While it is true that any serious antiwar movement must ultimately engage in struggle against the capitalist system that fosters and requires war, such movements are nearly always politically amorphous in their initial stages. This is a point that Lenin made in Socialism and War:
‘‘The sentiments of the masses in favour of peace often express incipient protest, anger and consciousness of the reactionary character of the war. It is the duty of all Social-Democrats [i.e., Communists] to utilize these sentiments. They will take a most ardent part in every movement and in every demonstration on this ground; but they will not deceive the people….Whoever wants a lasting and democratic peace must be in favour of civil war against the governments and the bourgeoisie.’’

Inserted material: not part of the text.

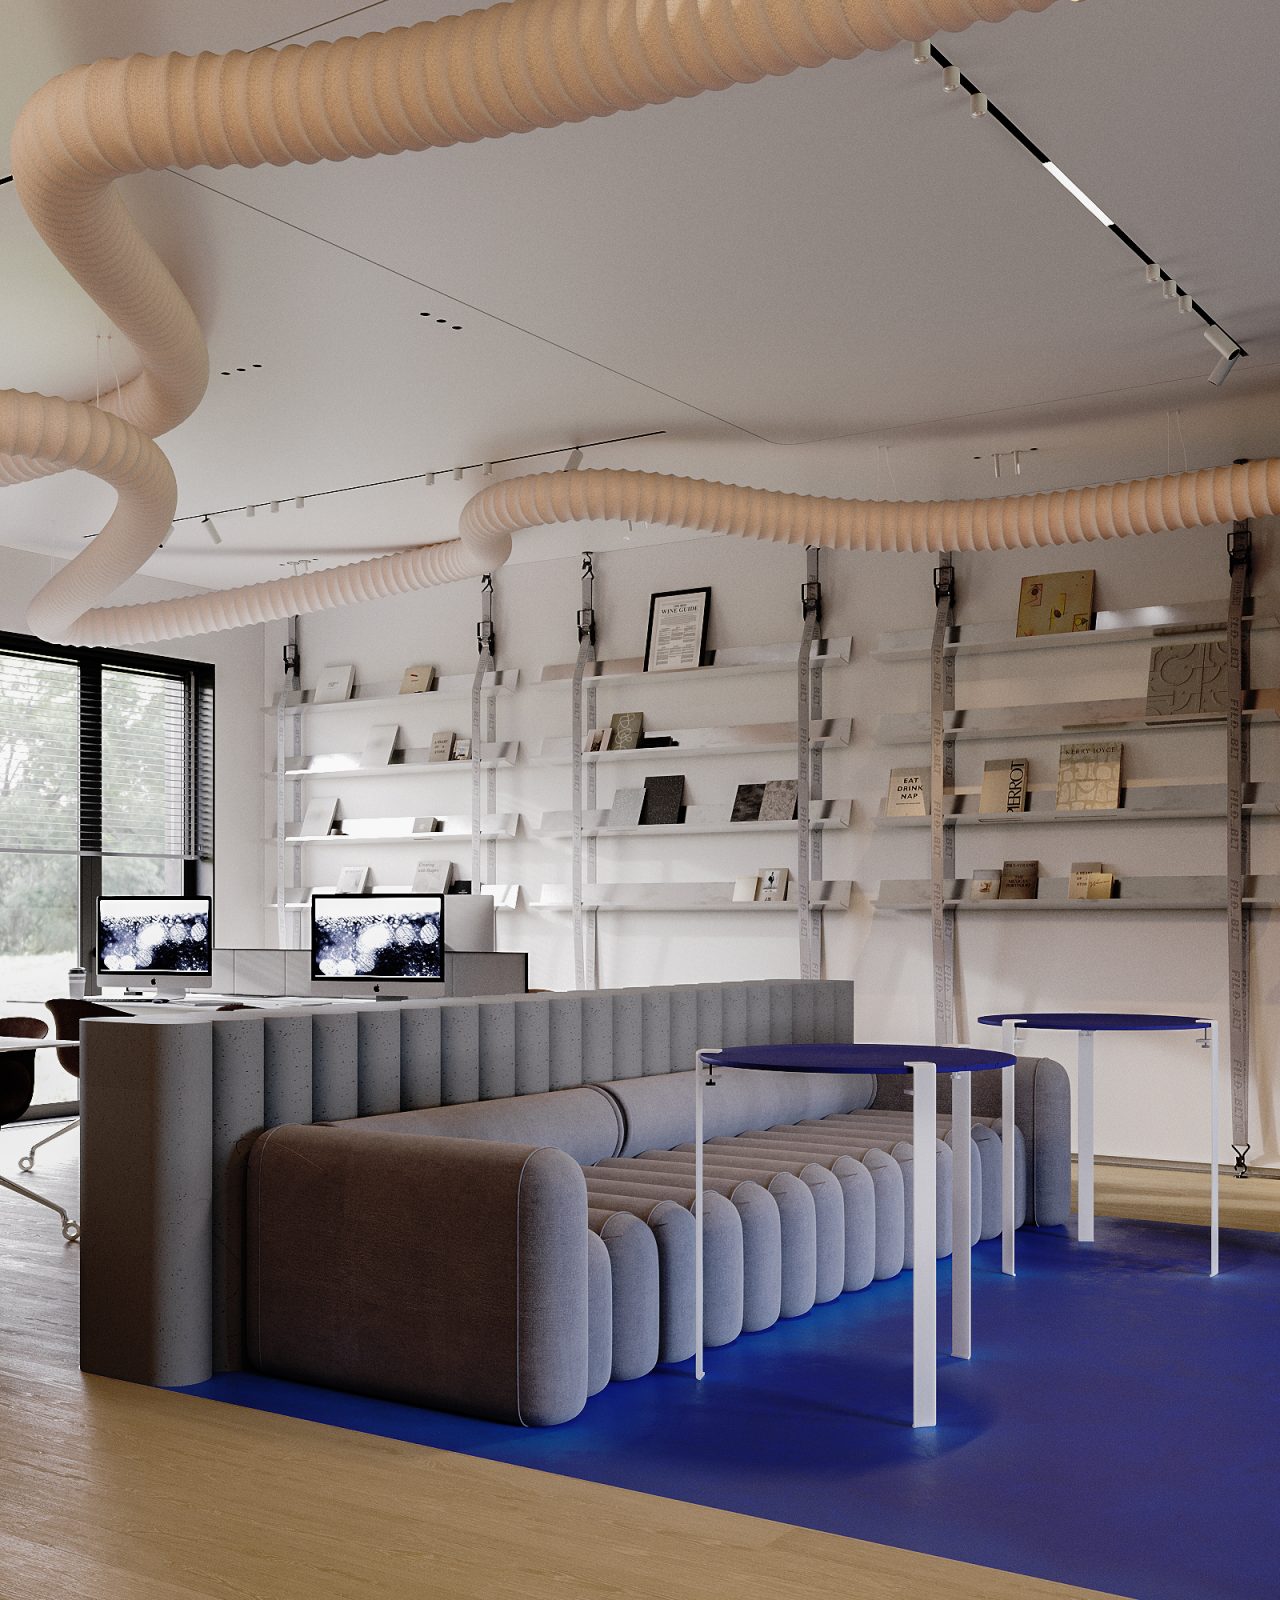 Журнал INTERIOR DESIGN включив дизайн офісу від ZIKZAK Architects до кращих проєктів нових робочих просторів зі всього світу 3 1

The task of revolutionaries is to intervene in antiwar movements to steer them, or at least their more radical wing, in an anti-capitalist direction. Writing off the incipient opposition to U.S. aggression in the Middle East because it is not revolutionary from the start effectively hands the antiwar movement over to the liberals and their leftist hangers-on.
When it was a Trotskyist group, the SL consciously avoided such sectarian stupidity. A document endorsed by James Robertson at the founding conference of the SL in 1966 outlined a very different approach to antiwar work from that pursued by the Spartacists today:
‘‘The S.L. must not appear to allow the correctness of our program to breed an abstentionist attitude on our part. Our role is not to sit on the sidelines and lecture the anti-war movement while refusing to ‘dirty our hands’ in the day-to-day work of the movement; rather, the attractiveness of our program will be enhanced to the extent that we prove in practice the practicality of our ideas by vigorously putting them into practice. This does not mean that we do nothing but engage in simple ‘Jimmy Higgins’ work to ‘prove ourselves’ and eschew the necessary internal political confrontation within the anti-war arena. Rather we seek [to be] both the best activists and the most programmatically clear fighters against the war.’’
It is absurd for revolutionaries to stand aside because participants in the antiwar movement are taken in, to one extent or another, by the saccharine phrases of the reformists. The task of Marxists is to struggle to win workers and youth who oppose Bush’s war drive against Iraq to struggle against the whole system of exploitation and piracy that lies at its root.